I particularly felt the loss of the badge when Kate Middleton and Prince William announced their engagement. Thirty years ago, when Charles and Diana announced theirs, we feminists had great fun with it. My favourite badge was 'Don't Do it Di!'. Then there was the cheeky 'I did it with Di,' and I particularly recall another, 'I had to kiss a lot of frogs' as a speech bubble coming out of Di's mouth.

The anti-domestic violence and rape activists had a good selection: 'Refuse to be Abused,' 'Battered Women Need Refuges,' and 'You Can't Beat A Woman.' There were also warnings to men with the marvelous, 'Beware I'm Armed and Have Premenstrual Tension.'

Lesbians would come up with our own special designs. I remember one woman at a conference wearing a massive, bright badge emblazoned with the words, 'Do NOT assume I am heterosexual.' Ironic, because its owner was so butch she looked like she could kick-start her own vibrator.

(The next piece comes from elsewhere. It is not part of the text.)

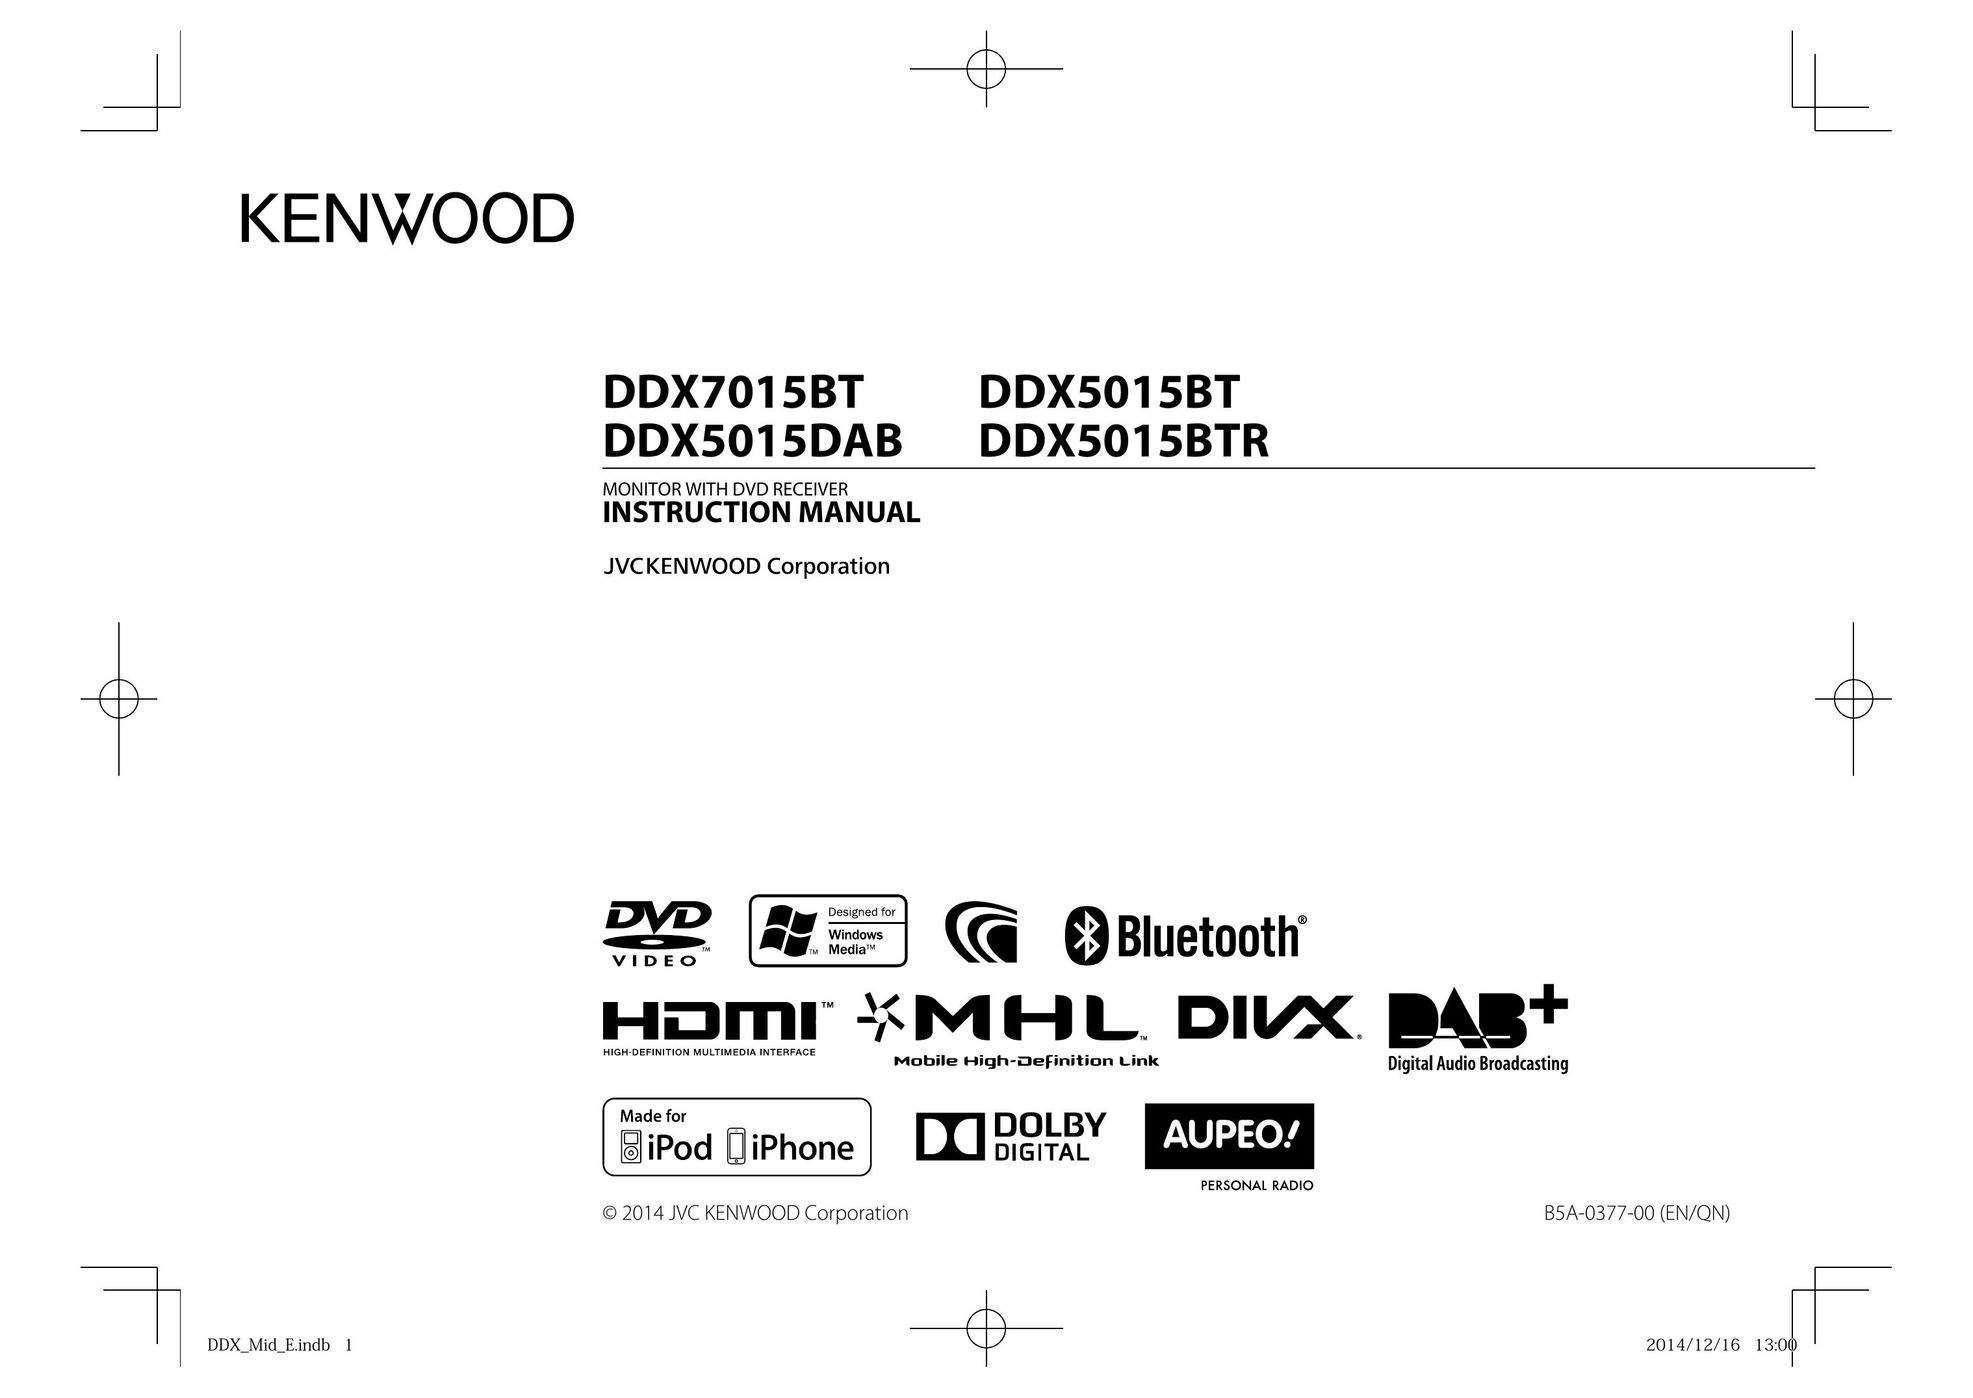 Kenwood DDX5015BTR Car Video System User Manual

'A woman without a man is like a fish without a bicycle' is now a well-used slogan adopted today by even the most liberal of feminists. Back in the day it was occasionally worn by disgruntled heterosexual women who would swipe it off when a tasty man came into view.

I favoured the more militant slogans such as the likes of 'Dynamite Dykes,' 'Beneath every woman's curve lies a muscle,' and, in a warning to rapists, 'Free Castration on Demand,' with a picture of a pair of scissors. Unsurprisingly I was never short of a dirty look on the bus when I wore my 'Don't call me a lezzer, I slept with your wife' button.

The women's peace camp at Greenham Common in the UK also inspired a few, such as 'I am one of them common women from Greenham,' and 'Every Floozie Needs an Uzi.'

One friend remembers her mother's favourite badge that read like an eye test.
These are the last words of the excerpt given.